@ducha_aiki @rom1504 @giffmana If you train in the cloud use sharded (record based) datasets in buckets, same region as your compute. s3 for AWS, gs for GCP, etc. webdataset (tarfiles), TFDS (tfrecord). Local training, if beyond size of a fast SSD, sharded on a local NAS or spinning disk.
@wightmanr @ducha_aiki @rom1504 @giffmana There's also a new format on top of @ApacheArrow for CV datasets github.com/eto-ai/lance
@michalwols @ducha_aiki @rom1504 @giffmana @ApacheArrow I don't see why you'd want to put compressed data in arrow, it doesn't make sense....
@wightmanr @ducha_aiki @rom1504 @giffmana @ApacheArrow Lance is an alternative to parquet or tfrecords, being arrow compatible makes it usable with things like duckdb, arrow flight and ray.
@wightmanr @ducha_aiki @rom1504 @giffmana @ApacheArrow Personally I'd love a parquet with fast point lookups, filtering and built in indexing support (ANN, inverted index, FTS).

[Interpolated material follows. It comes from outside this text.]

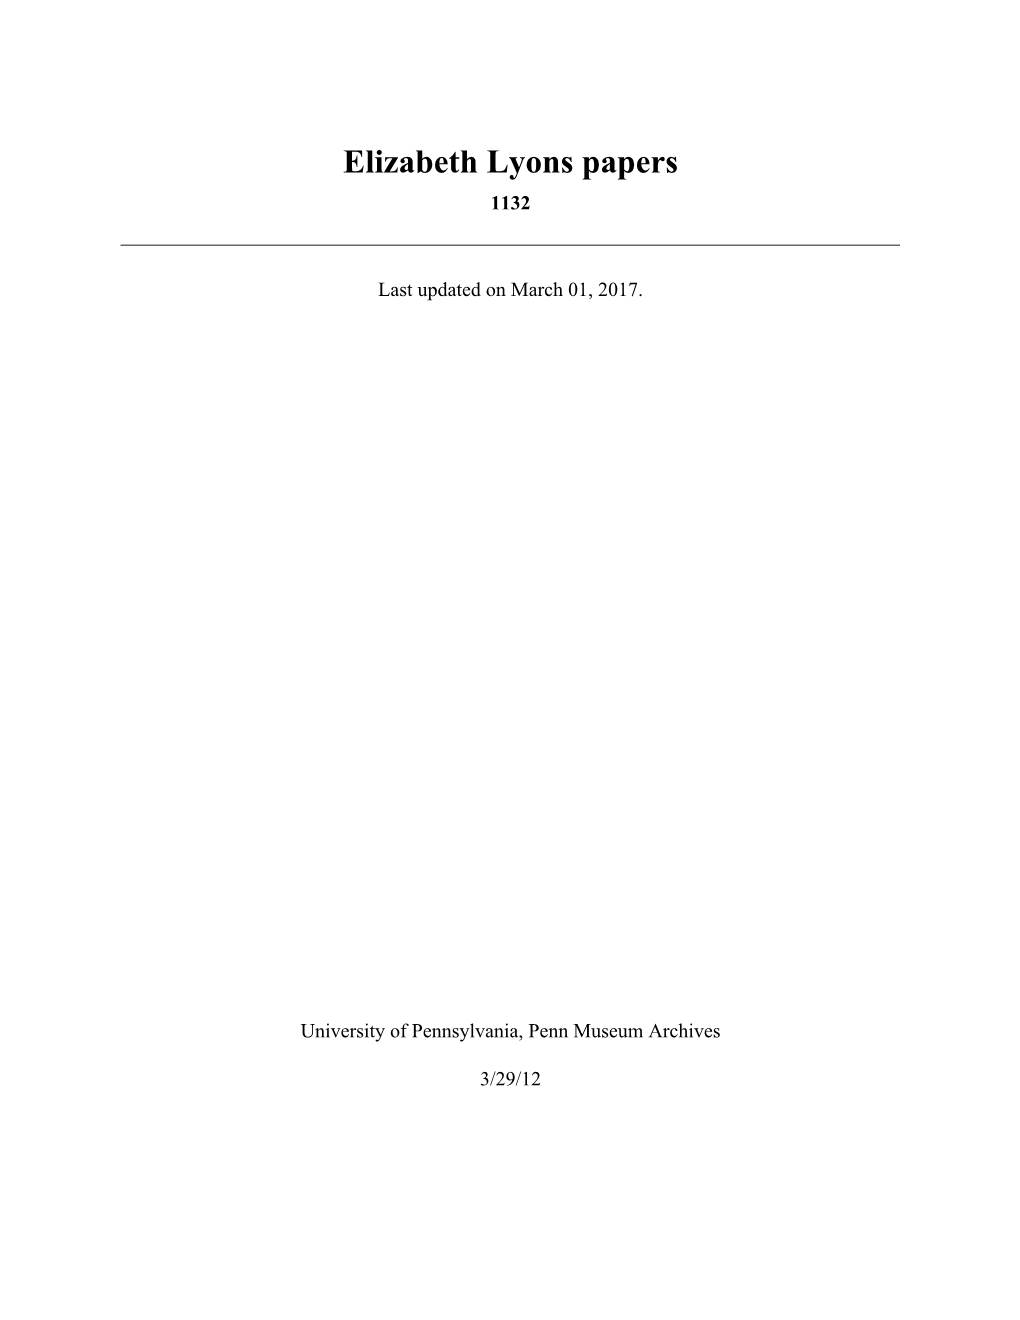 Elizabeth Lyons Papers 1132

@michalwols @ducha_aiki @rom1504 @giffmana @ApacheArrow But you can beat physics. If you have terabytes of large binary objects you either need to have them all in RAM or on very very fast SSD on a VERY expensive cluster OR you wait for seek/lookup on slower disks or network storage. No freebies.
@michalwols @ducha_aiki @rom1504 @giffmana @ApacheArrow Further packing already maximally compressed image/video data into columnar formats or other formats just adds more decode overhead and passes over the same data.
@michalwols @ducha_aiki @rom1504 @giffmana @ApacheArrow For training, record formats are optimal because you usually want to see every record. For analysis columnar / DB makes sense. So should store meta-data, extracted feature in that form and point to data in record blobs. Cover both use cases ....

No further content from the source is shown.